High salt diet may lead to more stress
A recent study showed that a high salt diet increased stress levels in mice by 75 percent.
While extensive research has shown the effects of a high salt diet on the heart and circulatory system, few studies have explored salt’s effects on emotional behavior. For this study, published in the journal, Cardiovascular Research, researchers from the University Edinburgh in Edinburgh, Scotland, sought to better understand the relationship between a high-salt diet and stress.
For their investigation, researchers used mice who had previously had a low salt diet and gave them a high salt diet proportional to the average human intake of salt. According to the study, the recommended salt intake is less than six grams per day, yet most people consume more than nine grams a day.

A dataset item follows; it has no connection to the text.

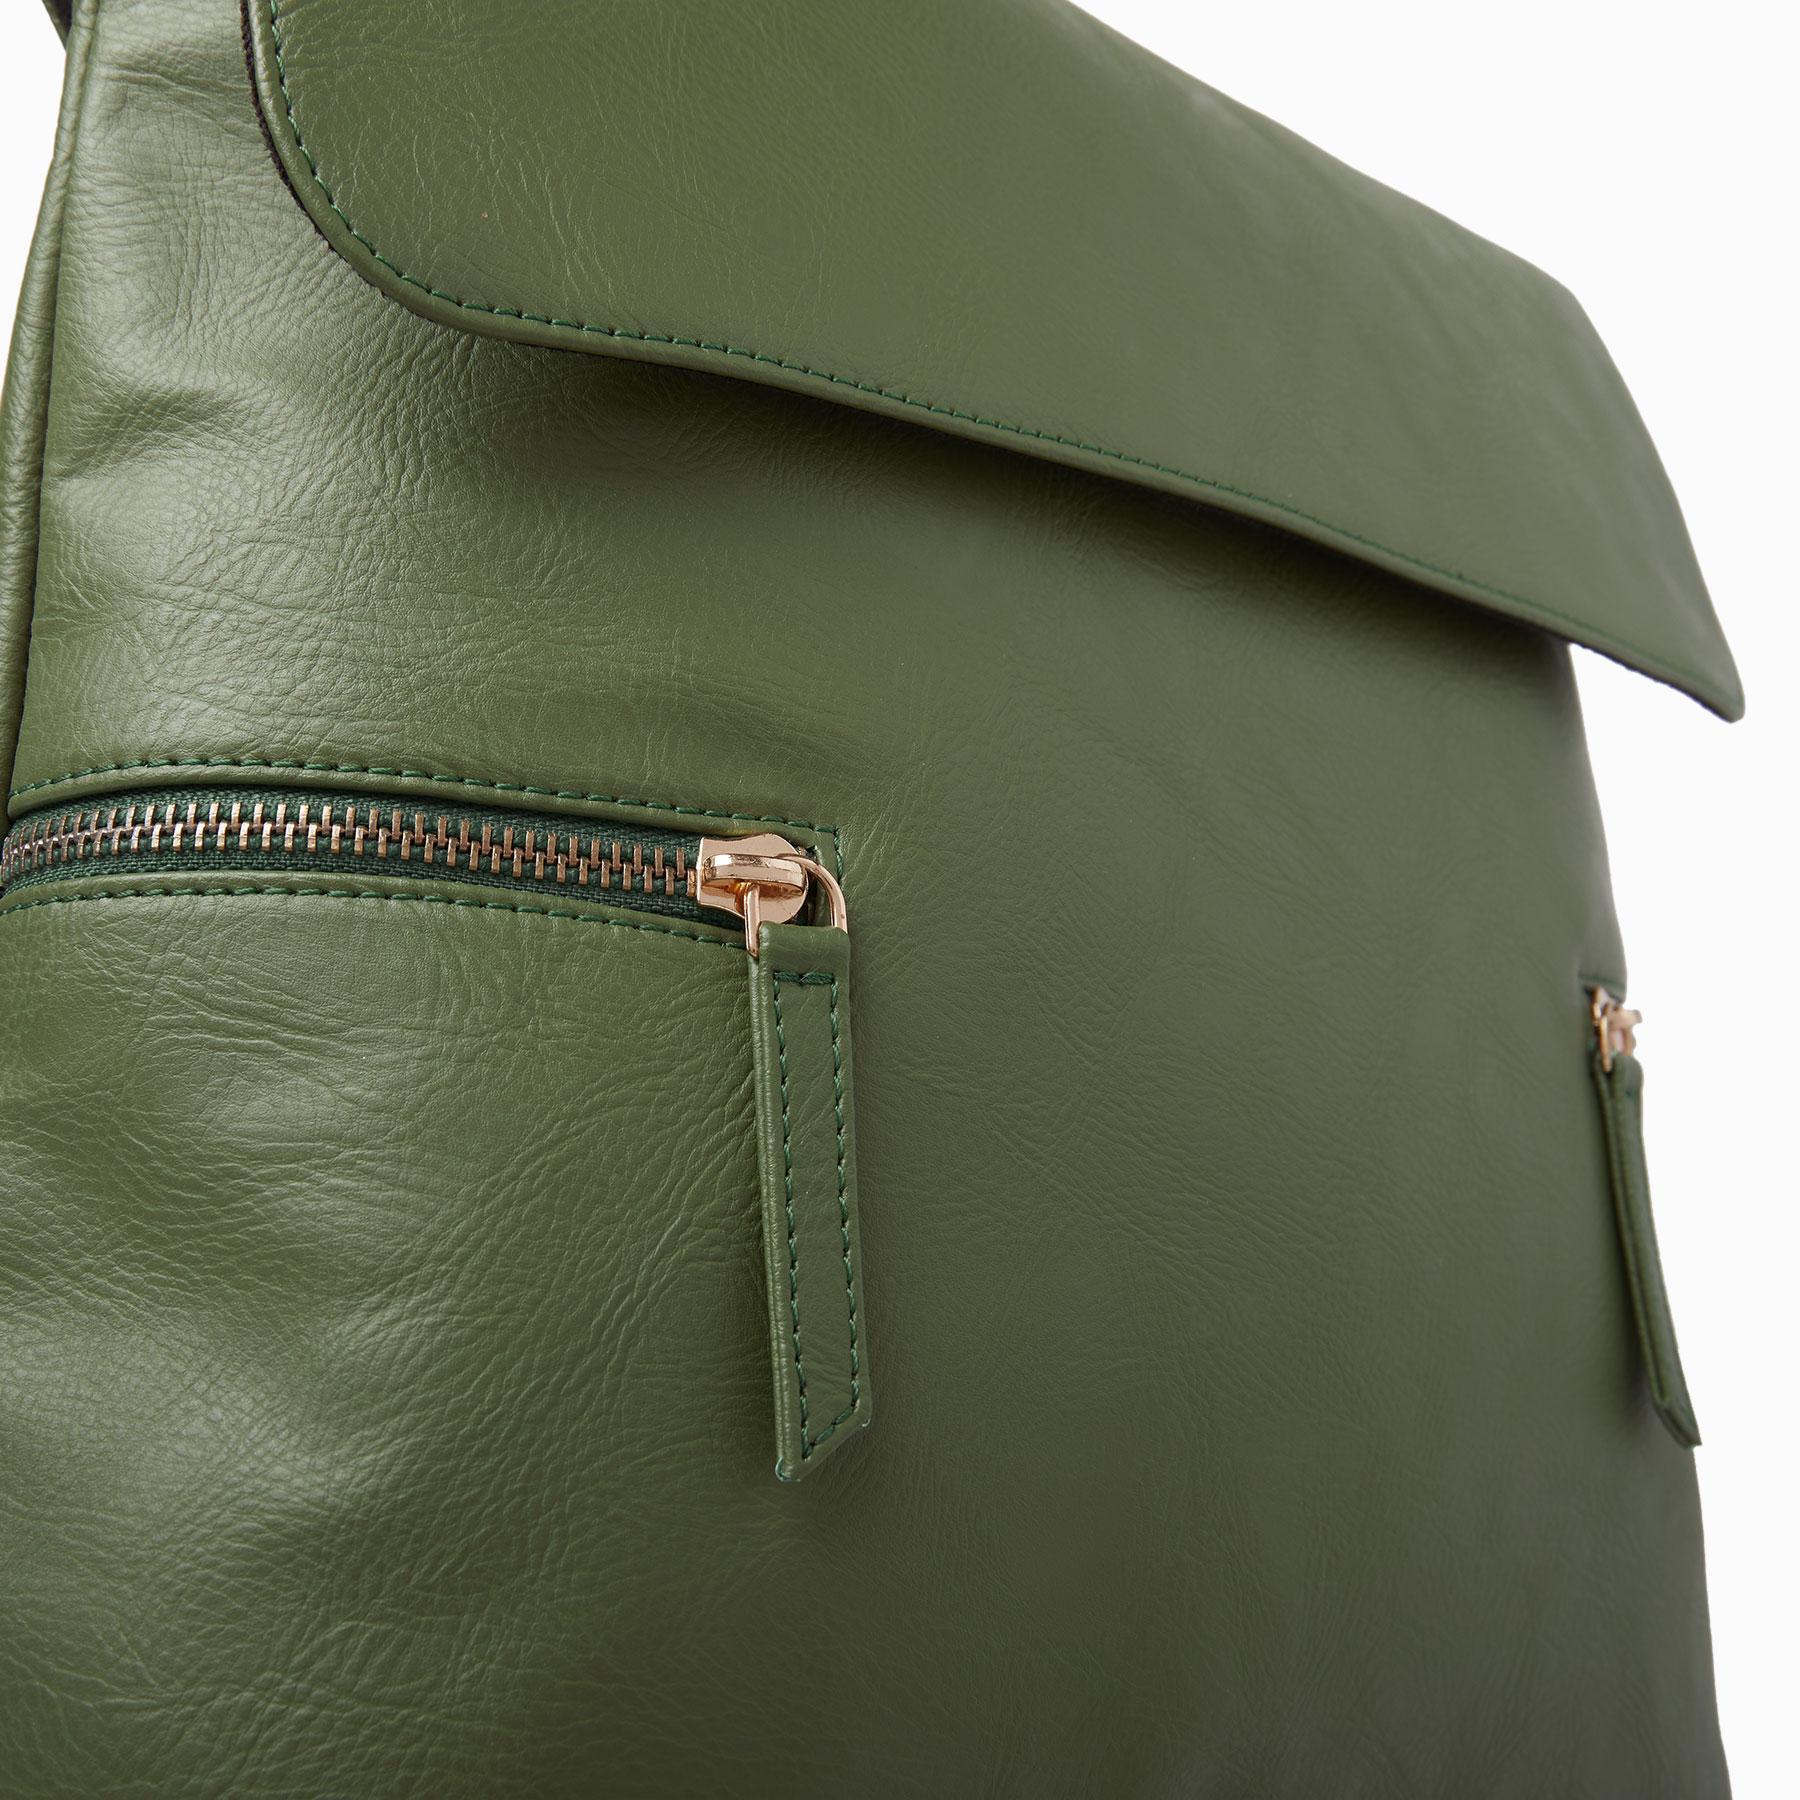 Olive Zipper Backpack
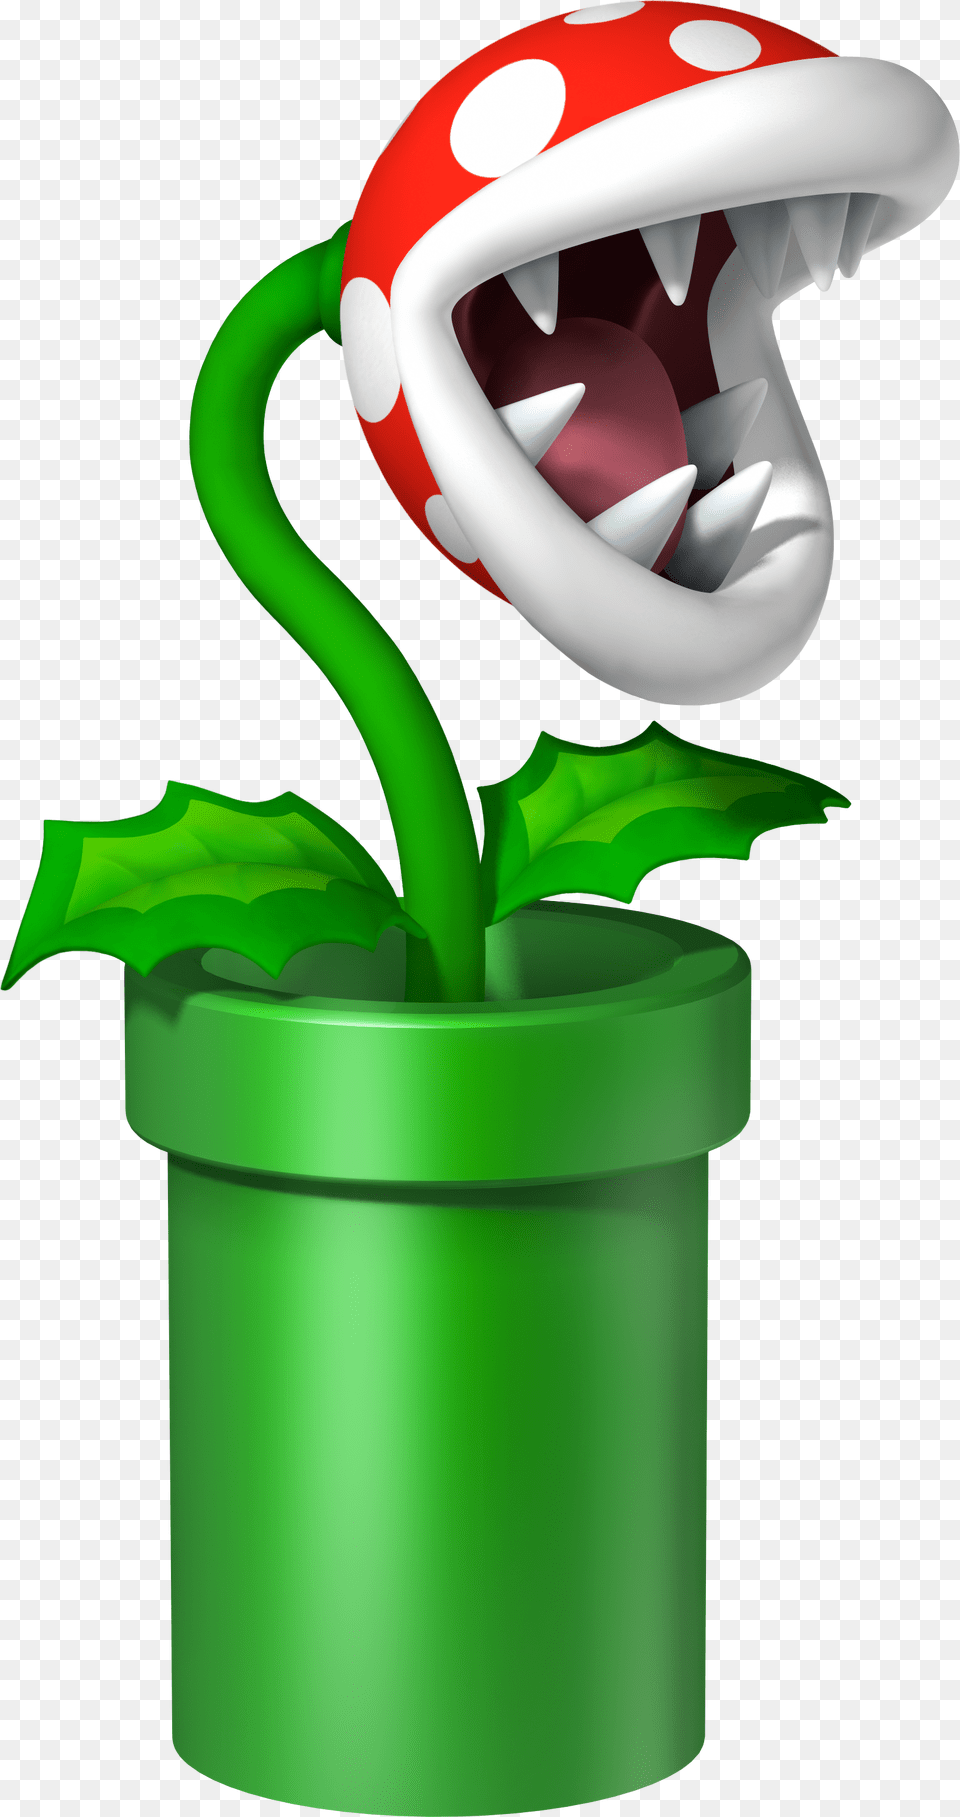 Par Lady Doigt De Sur Mario Timeo Super, Potted Plant, Green, Plant, Jar Free Png

Researchers conducted several tests before and after the trial to determine the mice’s stress hormone levels and stress-related gene activity in the brain. The study showed that after eating a high salt diet, the mice’s resting stress hormone levels increased and the mice’s hormone response to environmental stress was doubled. In addition, the salt intake increased the activity of genes that produce proteins in the brain that control the body’s response to stress.
Researchers concluded that these results suggest that chronic high intake of salt can increase levels of stress-related hormones. In the future, they hope to study the effects of salt on aggression and anxiety.
"We are what we eat and understanding how high-salt food changes our mental health is an important step to improving wellbeing,” said researcher Matthew Bailey, PhD, professor of renal physiology at the University of Edinburgh. “We know that eating too much salt damages our heart, blood vessels and kidneys. This study now tells us that high salt in our food also changes the way our brain handles stress."